“La notte più buia” di Piacenza, Molinaroli “Il mio libro per mantenere viva la memoria di chi ci ha lasciato”

S’intitola “La notte più buia” ed è l’amaro racconto dei tanti piacentini morti per Covid-19 tra la fine di febbraio e la fine di maggio.

E’ l’ultimo libro di Mauro Molinaroli, che verrà presentato mercoledì alle 18 alla Corte Biffi di San Rocco al Porto (in piena Zona Rossa), presenti il sindaco Patrizia Barbieri e i sindaci di Codogno, Francesco Passerini e di San Rocco, Matteo Delfini. Coordinerà l’assessore alla Cultura Jonathan Papamarenghi. Un libro che racchiude storie di persone note e meno note, di realtà colpite pesantemente, di ambulanze con sirene che spaccano il cuore, di giorni bui, con tanta paura e poche speranze: la vicenda più amara dal Dopoguerra per la città e la provincia. Ne abbiamo parlato con l’autore.

Com’è nata l’idea del libro?

Durante i giorni del lockdown, ho cominciato a raccogliere articoli e materiali pubblicati da quotidiani e siti, relativi alle tante persone che sono venute a mancare. Coloro che avevano un ricordo, una breve biografia, un ruolo tale da meritare un pezzo a futura memoria, sono i protagonisti del mio libro. Ho approfondito, cercato, ho voluto dare spazio a quei morti e ho immaginato una sorta di Spoon River tutta padana. Un lavoro lungo e meticoloso, scritto con molto dolore dentro; un modo per allontanare la paura e per elaborare il lutto di tante perdite.

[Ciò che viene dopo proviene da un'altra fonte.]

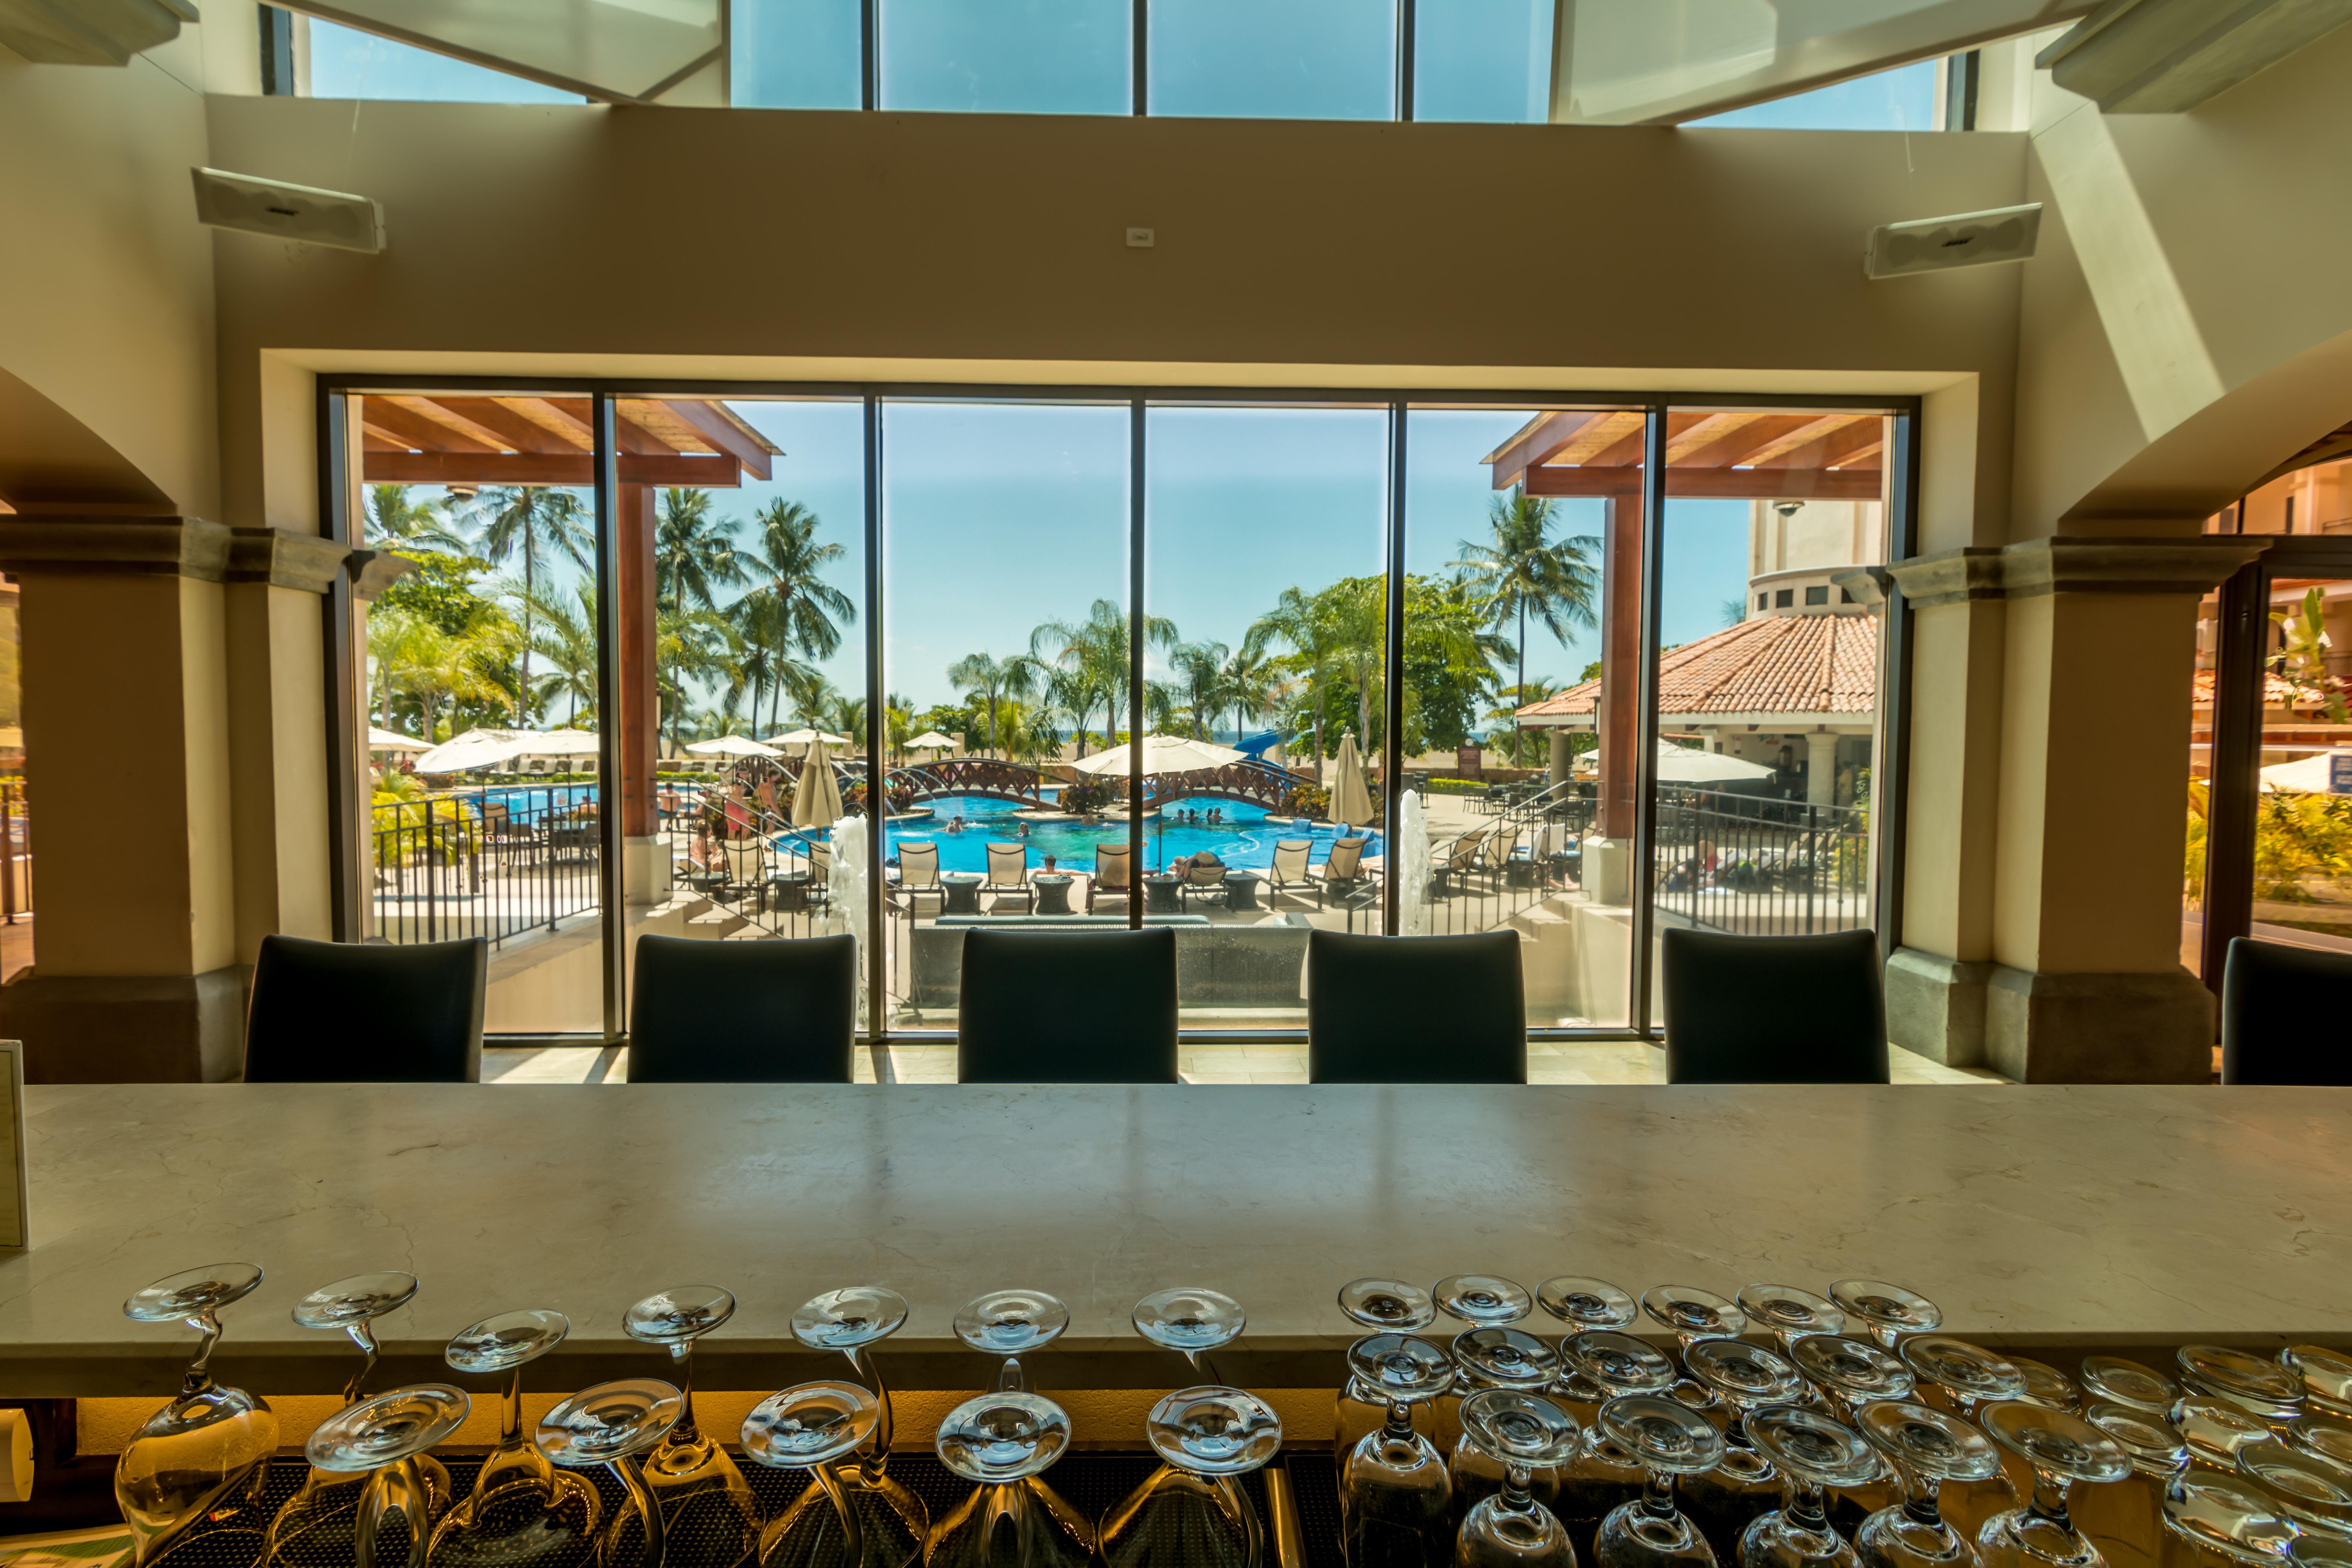 Crocs Resort & Casino Jaco Exterior photo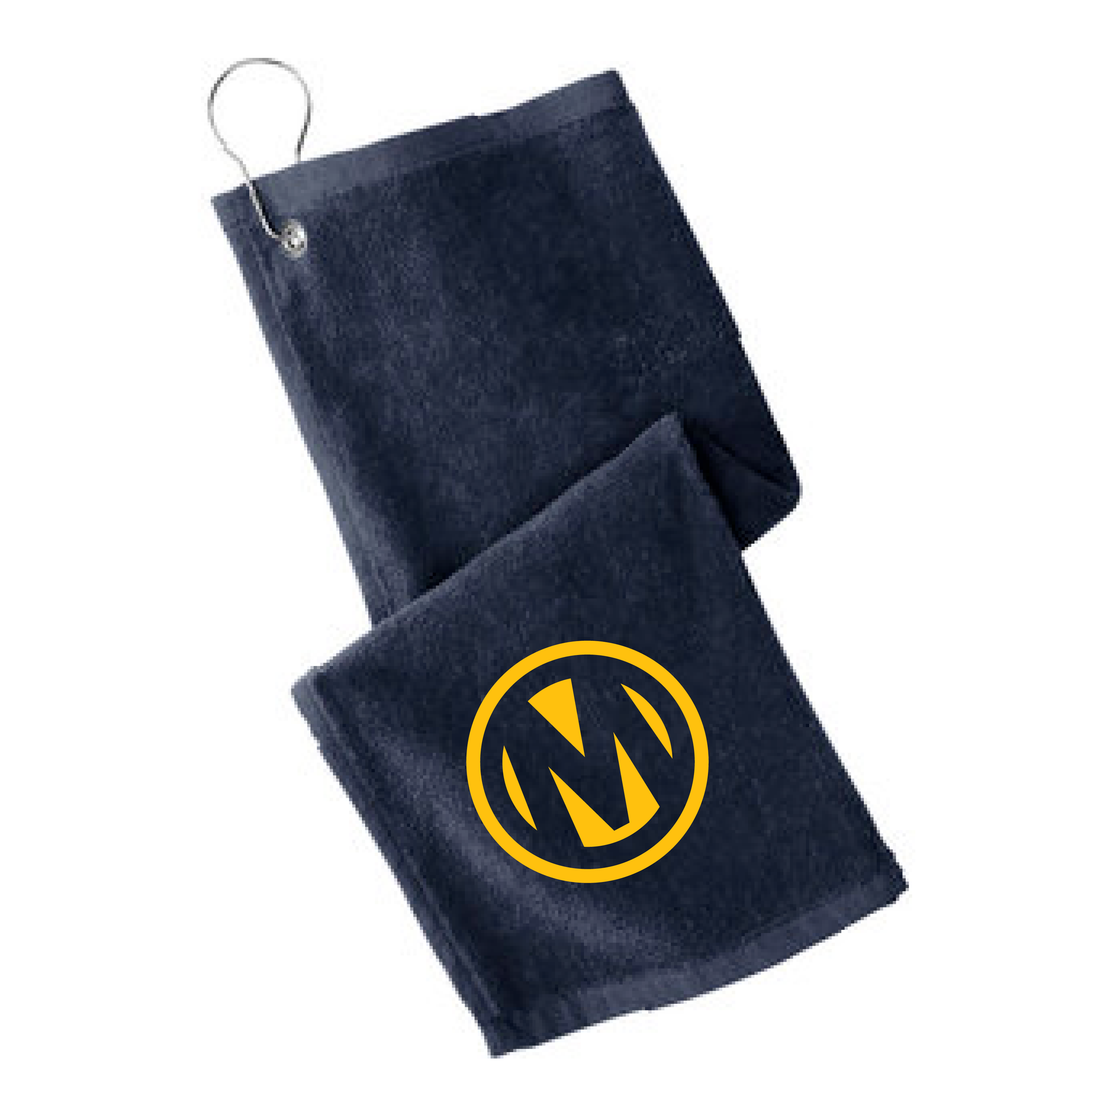 Manheim Phoenix Golf Shoe Bag & Towel

Ci sono persone note che l’hanno particolarmente toccata?

Mi hanno toccato le persone note e meno note; dal direttore di Confindustria, Cesare Betti, che era un amico, a Roberto Ghisoni, redattore di Radio Shock, appassionato di calcio. Tante, tante persone che se ne sono andate senza avere la possibilità di vedere i loro cari. Gente ricoverata a Ravenna che sembrava dovesse essere dimessa da un giorno all’altro e poi il peggioramento improvviso. Non si può rimanere insensibili a ciò che è accaduto, per questo ho voluto raccogliere in un libro tanti volontari della Croce Rossa e della Pubblica Assistenza Croce Bianca, docenti universitari, operai, sportivi come Osvaldo Tarasconi, medici, infermiere; insomma tante, troppe, persone che porto dentro.

Com’è costruito il libro?

Dopo un primo capitolo in cui viene descritta la situazione del nostro territorio in questi mesi, ci sono i capitoli dedicati alle categorie professionali e sociali: medici, imprenditori, sacerdoti, politici e amministratori, volontari, docenti e ricercatori, artisti, sportivi e tante figure conosciute nelle vallate. Un viaggio in tutta la provincia, dove emergono anche il barbiere del paese, il cantoniere comunale, la proprietaria del bar di Bettola, il fornaio di Vigolzone, il dirigente sportivo di San Giorgio e tanti altri.

E’ stato faticoso ricostruire le vite di tante persone che ci hanno lasciato?

Si è trattato di un lavoro che ha richiesto un sacrificio particolare. Quando scrivi libri di vita hai il tempo di divertirti, di coccolare un po’ il tuo ego. In questo caso no. Solo tristezza e pietà. Sono molte le persone decedute che ho avuto modo di conoscere e per ognuna, quando scrivevo la loro storia, c’era un senso di commozione, una tristezza velata che non mi ha mai abbandonato. Ma è stata una scelta voluta, penso che sia giusto ricordare, perché se è vero che – come diceva Enzo Biagi – la vita è memoria, noi abbiamo il compito di non dimenticare chi ci ha lasciato, chi se n’è andato. Avremmo potuto essere noi al loro posto. A volte è solo una questione di coincidenza.

Quali sono state le zone più colpite della provincia…

Al di là di Piacenza, mi ha sorpreso soprattutto la virulenza con cui il Covid-19 ha preso di mira Fiorenzuola; tante persone della cittadina lungo la via Emilia se ne sono andate, decisamente troppe e poi la zona tra Caorso e Castelvetro. Anche in questi paesi il Coronavirus ha fatto una strage. Non saprei spiegare il motivo.

Alla presentazione saranno presenti tre sindaci, quasi a dare maggiore significato al suo lavoro

Li ringrazio davvero tanto, hanno capito lo scopo del volume, hanno passato incredibili vicissitudini. Tutti ricordiamo Codogno, quel che accadde in quei giorni; in particolare ringrazio Patrizia Barbieri per la sensibilità dimostrata. Lei ha toccato con mano sia come sindaco sia dal punto di vista umano la ferocia del Covid.